--- DATASET ENTRIES Enclosed Below ---

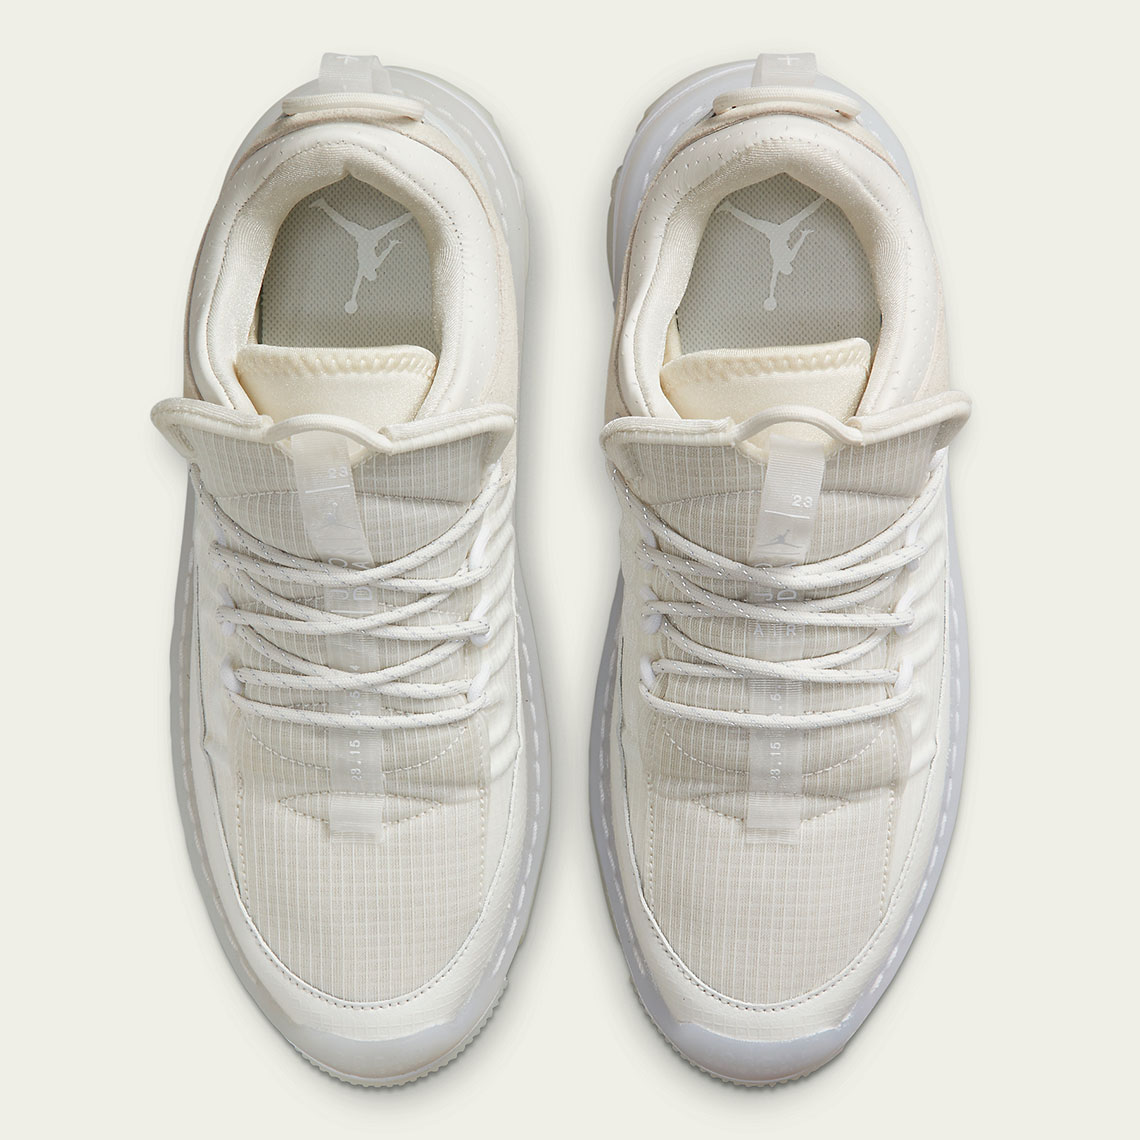 The lateral side of the Air Jordan 11 CMFT Low Wmns Sail Ct4539 100 6
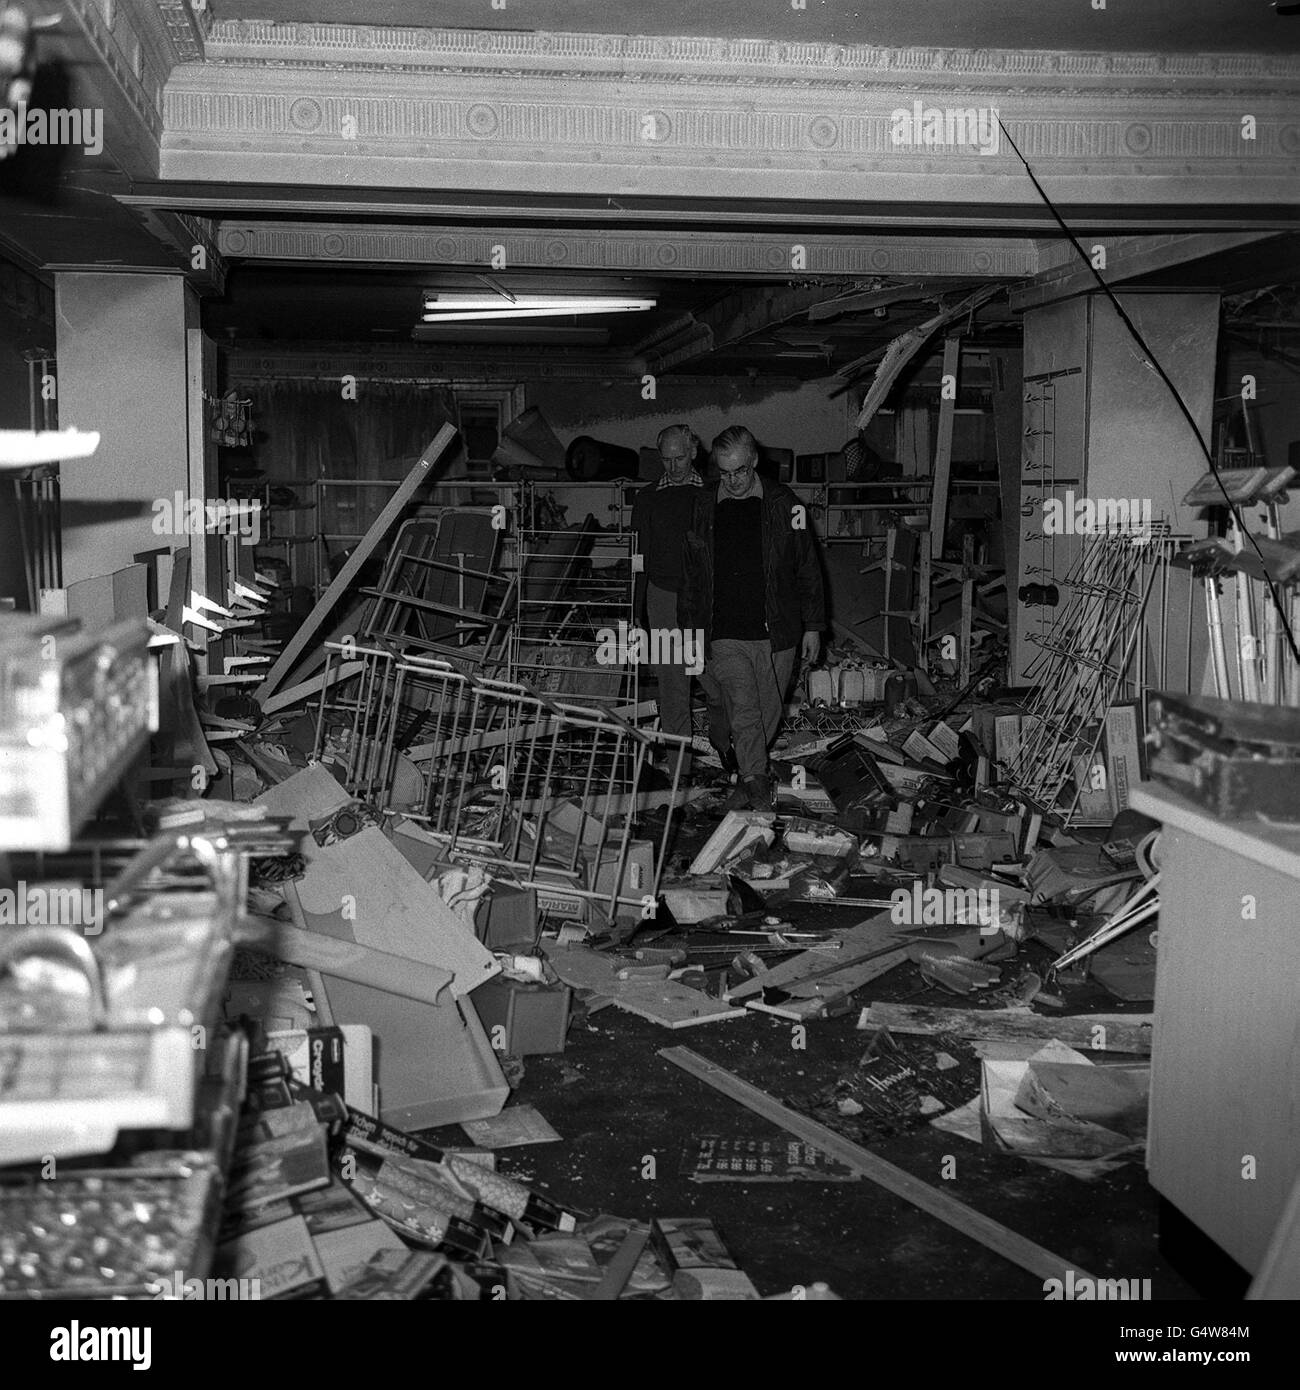 The damage inside Harrods to goods, fittings and the building itself after the 1974 bomb.. The managing director, Mr Robert Midgley (left) and general manager W.A. Craddock, tread carefully through the debris as they inspect the ruined departments. Stock Photo
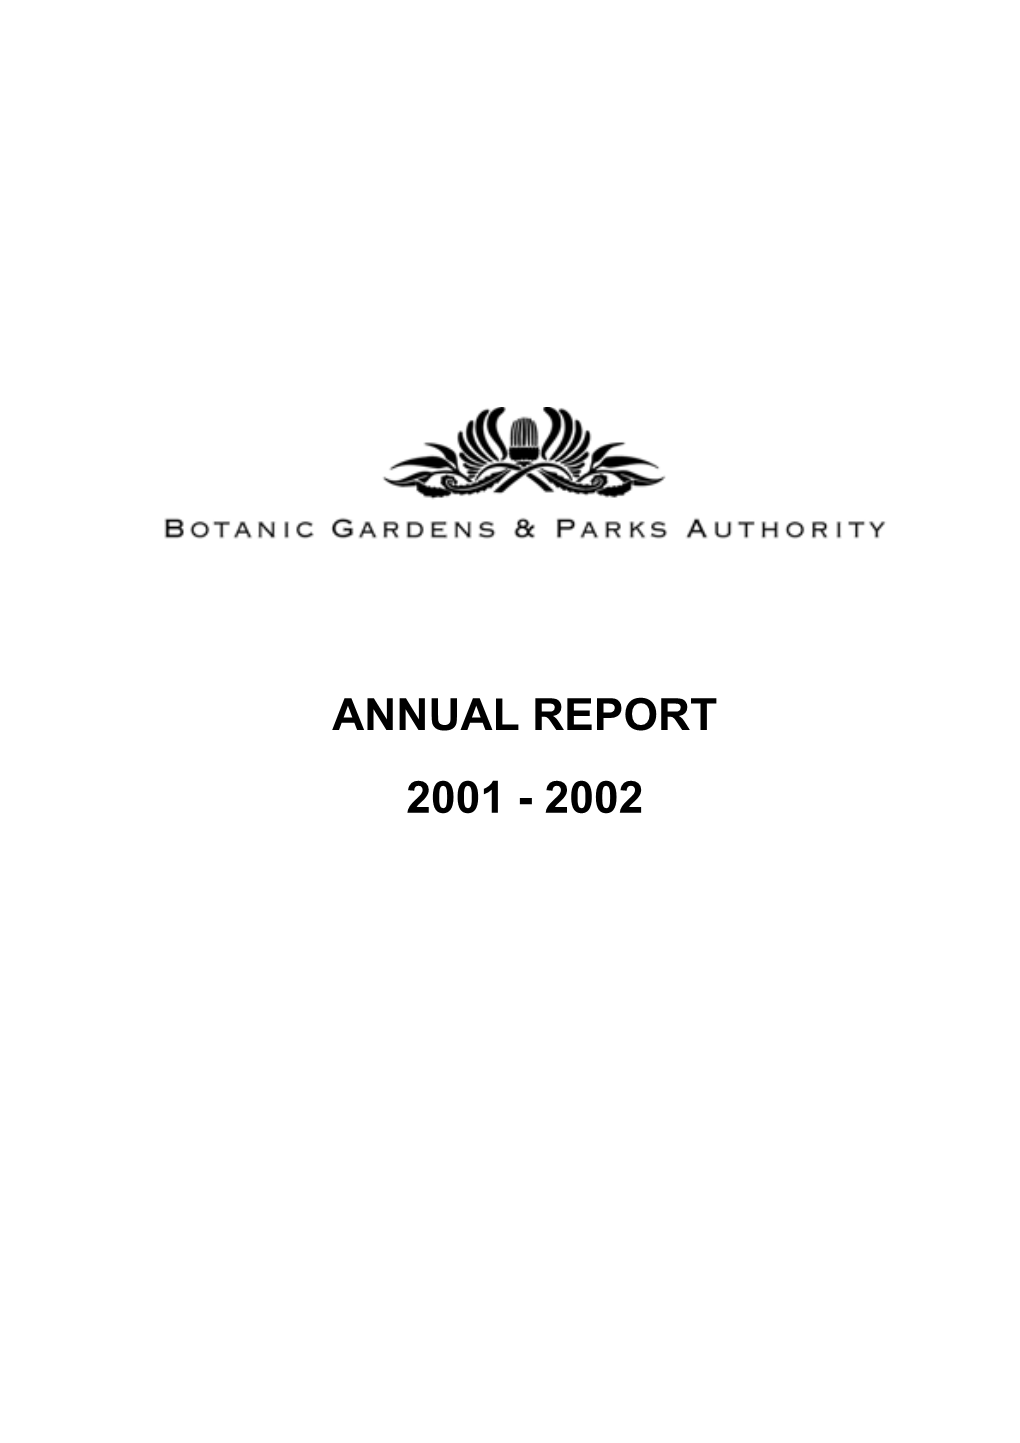 Botanic Gardens and Parks Authority for the Financial Year Ended 30 June 2002
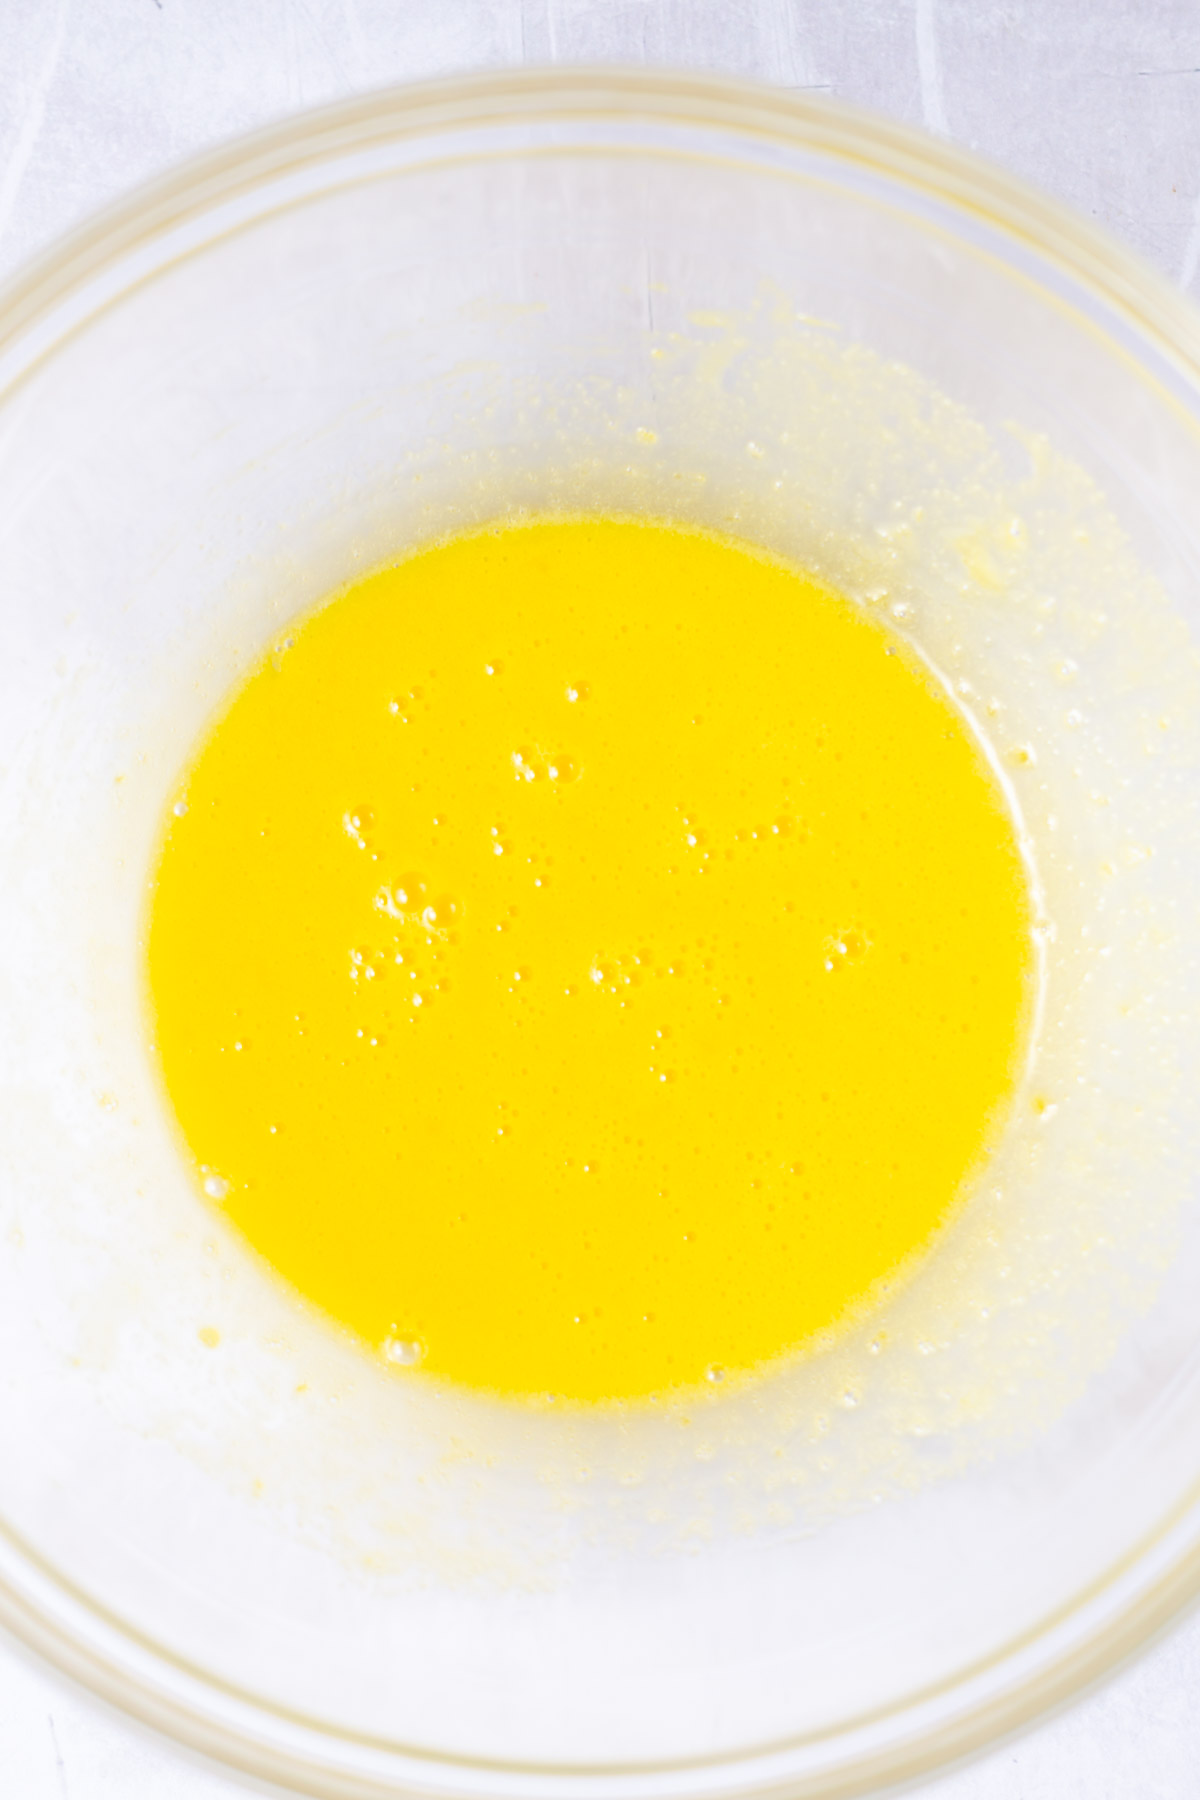 egg yolks and sugar whisked together before cooking
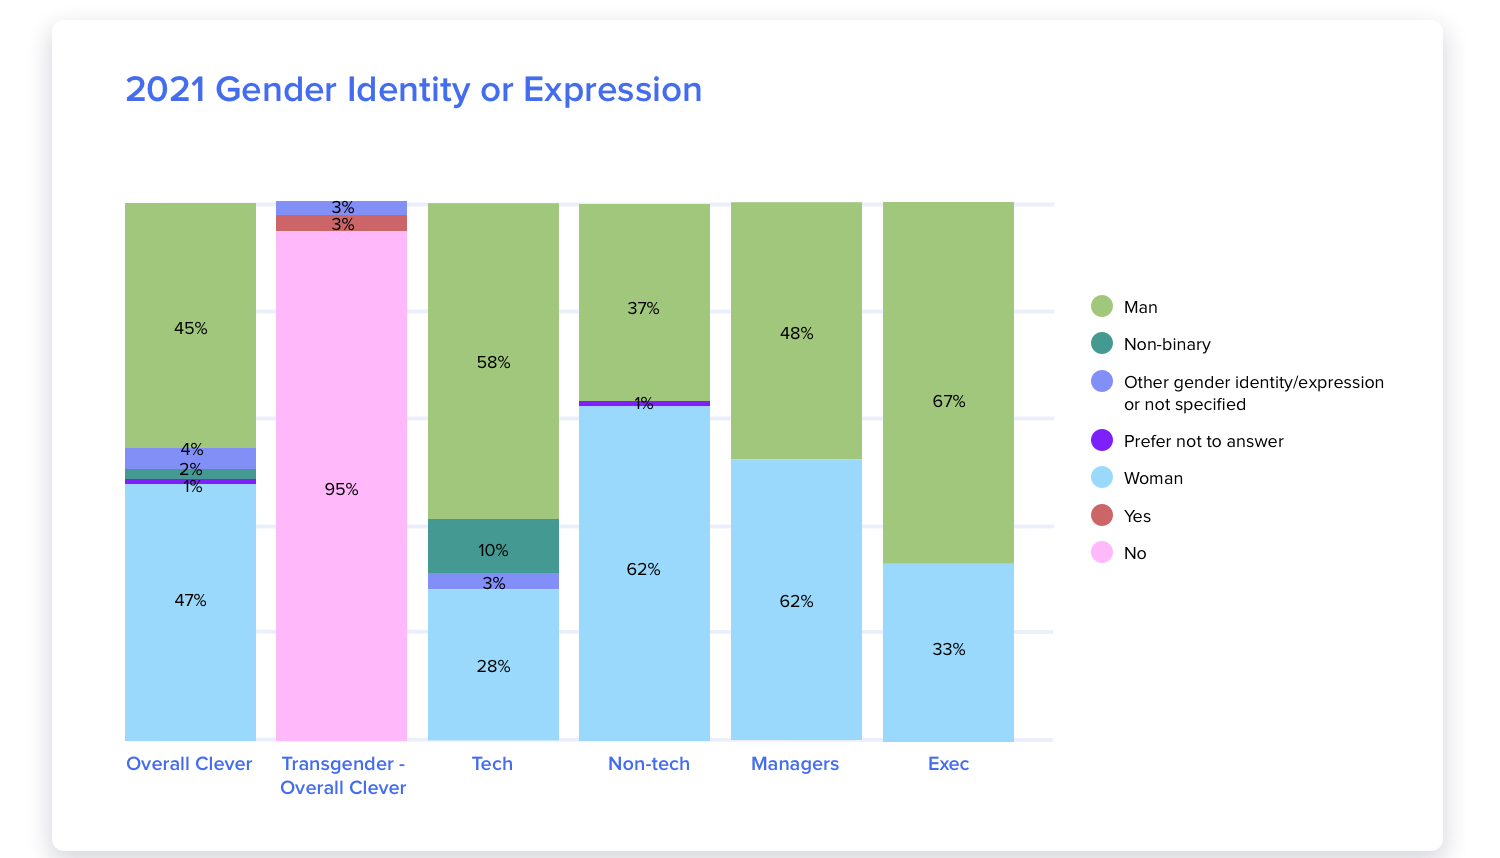 Gender identity and expression overall - 45% Men, 4% Non-binary, 2% Other gender identity/expression or not specified, 1% Prefer not to answer, 47% Women; Transgender - 3% Not specified, 3% Yes, 95% No

--- End of Enclosed DATASET ENTRIES ---

PROBLEM TO WORK ON → Retype the whole of the data verbatim. Skip every picture.

WRITTEN ANSWER →
 The lateral side of the Air Jordan 11 CMFT Low Wmns Sail Ct4539 100 6
 The damage inside Harrods to goods, fittings and the building itself after the 1974 bomb.. The managing director, Mr Robert Midgley (left) and general manager W.A. Craddock, tread carefully through the debris as they inspect the ruined departments. Stock Photo
 Botanic Gardens and Parks Authority for the Financial Year Ended 30 June 2002
 egg yolks and sugar whisked together before cooking
 Gender identity and expression overall - 45% Men, 4% Non-binary, 2% Other gender identity/expression or not specified, 1% Prefer not to answer, 47% Women; Transgender - 3% Not specified, 3% Yes, 95% No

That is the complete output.